Внешне всё в Солт-Лейк-Сити выглядело нормально. Насколько Авраам Линкольн мог судить, всё от Прово на юге до Огдена на севере внешне выглядело нормально. Мормоны, как и всегда, занимались своими делами, изо всех сил притворяясь, что мир за пределами плодородных земель между хребтом Уосатч, с одной стороны, и Великим Солёным Озером и озером Юта, с другой, вообще не существовал. Меньшинство безбожников также притворялось, будто оно не было отрезано от внешнего мира, это притворство с каждым днём становилось всё более нервозным, когда в Юту не заходили и не уходили поезда, когда телеграф не связывал территорию с остальной страной, частью которой она являлась.
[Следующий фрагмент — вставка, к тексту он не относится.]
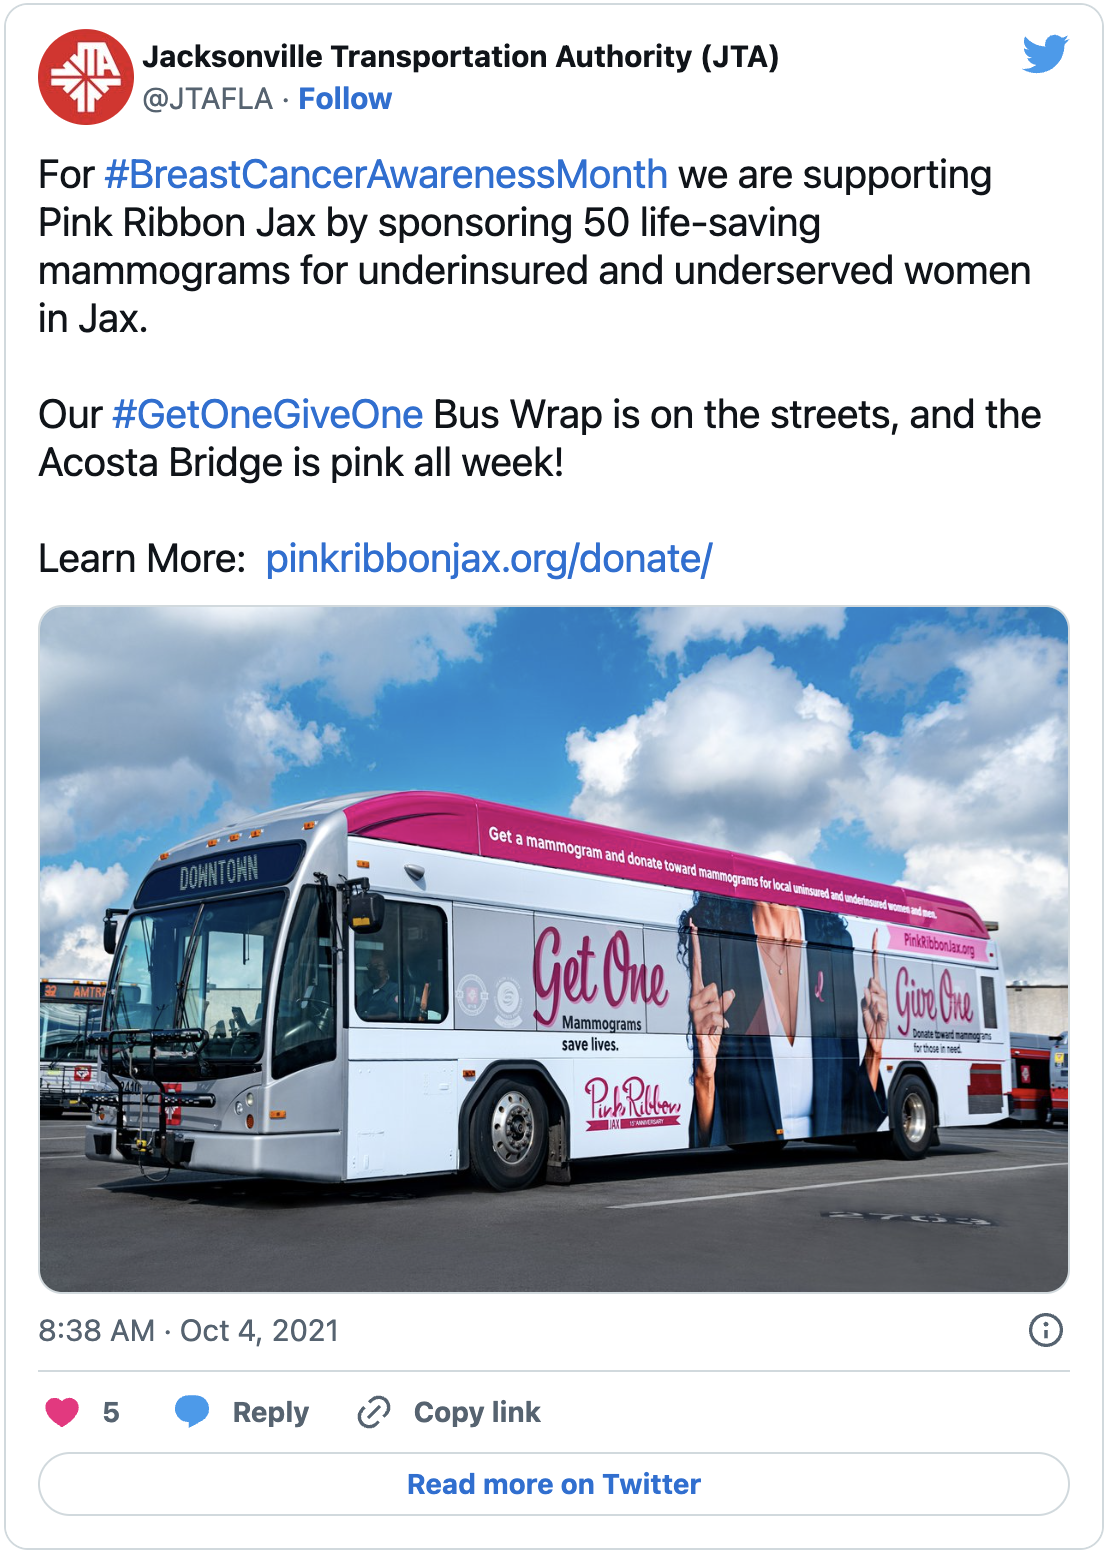 A tweet about JTA's partnership with Pink Ribbon Jax that reads For  Breast Cancer Awareness Month we are supporting Pink Ribbon Jax by sponsoring 50 life-saving mammograms for underinsured and underserved women in Jax. Our Get One Give One Bus Wrap is on the streets, and the Acosta Bridge is pink all week! Learn More at https://pinkribbonjax.org/donate/

Словно, подчёркивая, что Юта не поддерживала Конфедеративные Штаты в их отделении от США, звёздно-полосатый флаг по-прежнему развевался над городским советом — маленьким уродливым зданием около Храмовой площади, где исполняли свои обязанности территориальное законодательное собрание и губернатор. Однако собрание, хоть и находилось в периоде рабочей сессии, кворума не набирало. Мормоны, которые составляли большинство членов собрания, сидели по домам.
Флаг по-прежнему развевался и над Фортом Дуглас. Однако единственными солдатами в форте были добровольцы из Юты — иными словами, мормоны. Во время Мексиканской войны Мормонский легион сражался на стороне американцев. В том, что уже называли Второй Мексиканской войной, мормоны держали свои карты ближе к жилету.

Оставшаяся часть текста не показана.